Self-disclosure in online health conversations may offer a host of benefits, including earlier detection and treatment of medical issues that may have otherwise gone unaddressed. However, research analyzing medical self-disclosure in online communities is limited. We address this shortcoming by introducing a new dataset of health-related posts collected from online social platforms, categorized into three groups (No Self-Disclosure, Possible Self-Disclosure, and Clear Self-Disclosure) with high inter-annotator agreement (_k_=0.88).

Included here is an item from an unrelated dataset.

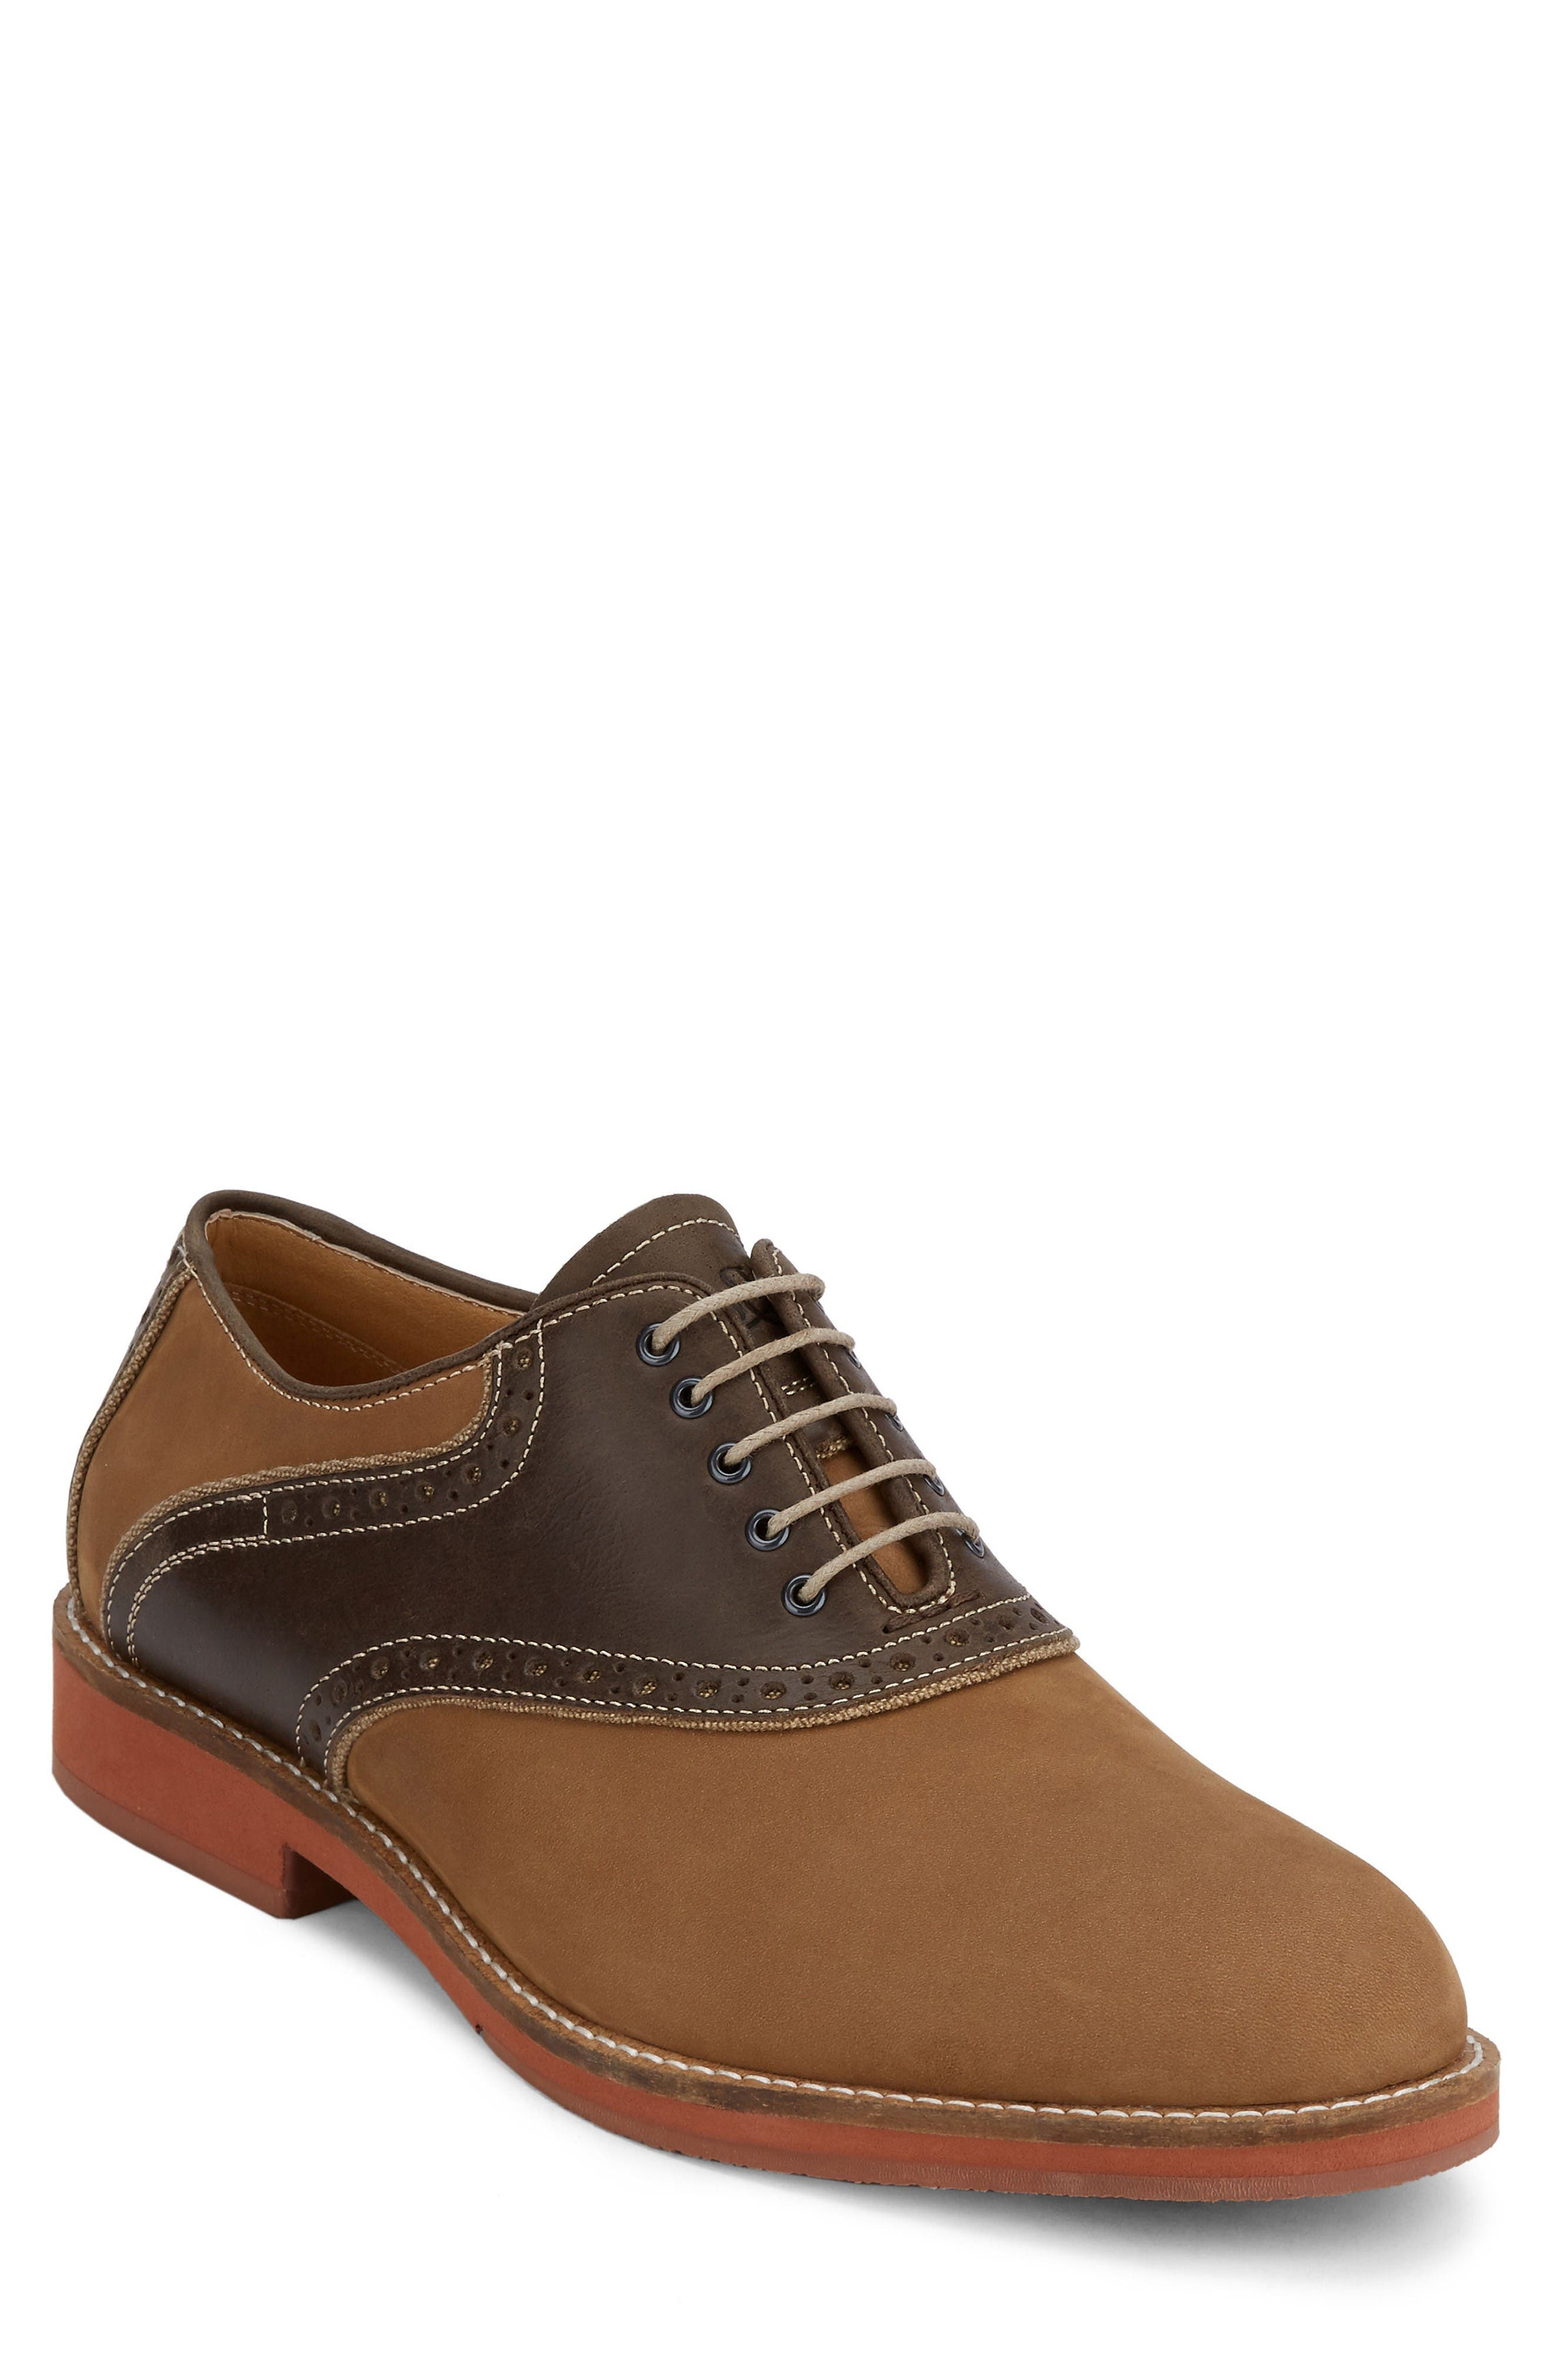 Main Image - G.H. Bass & Co. Noah Saddle Shoe (Men)

We make this data available to the research community. We also release a predictive model trained on this dataset that achieves an accuracy of 81.02%, establishing a strong performance benchmark for this task.

2020

pdf
Modeling Dialogue in Conversational Cognitive Health Screening Interviews
Shahla Farzana | Mina Valizadeh | Natalie Parde
Proceedings of the Twelfth Language Resources and Evaluation Conference

Automating straightforward clinical tasks can reduce workload for healthcare professionals, increase accessibility for geographically-isolated patients, and alleviate some of the economic burdens associated with healthcare. A variety of preliminary screening procedures are potentially suitable for automation, and one such domain that has remained underexplored to date is that of structured clinical interviews. A task-specific dialogue agent is needed to automate the collection of conversational speech for further (either manual or automated) analysis, and to build such an agent, a dialogue manager must be trained to respond to patient utterances in a manner similar to a human interviewer. To facilitate the development of such an agent, we propose an annotation schema for assigning dialogue act labels to utterances in patient-interviewer conversations collected as part of a clinically-validated cognitive health screening task. We build a labeled corpus using the schema, and show that it is characterized by high inter-annotator agreement. We establish a benchmark dialogue act classification model for the corpus, thereby providing a proof of concept for the proposed annotation schema. The resulting dialogue act corpus is the first such corpus specifically designed to facilitate automated cognitive health screening, and lays the groundwork for future exploration in this area.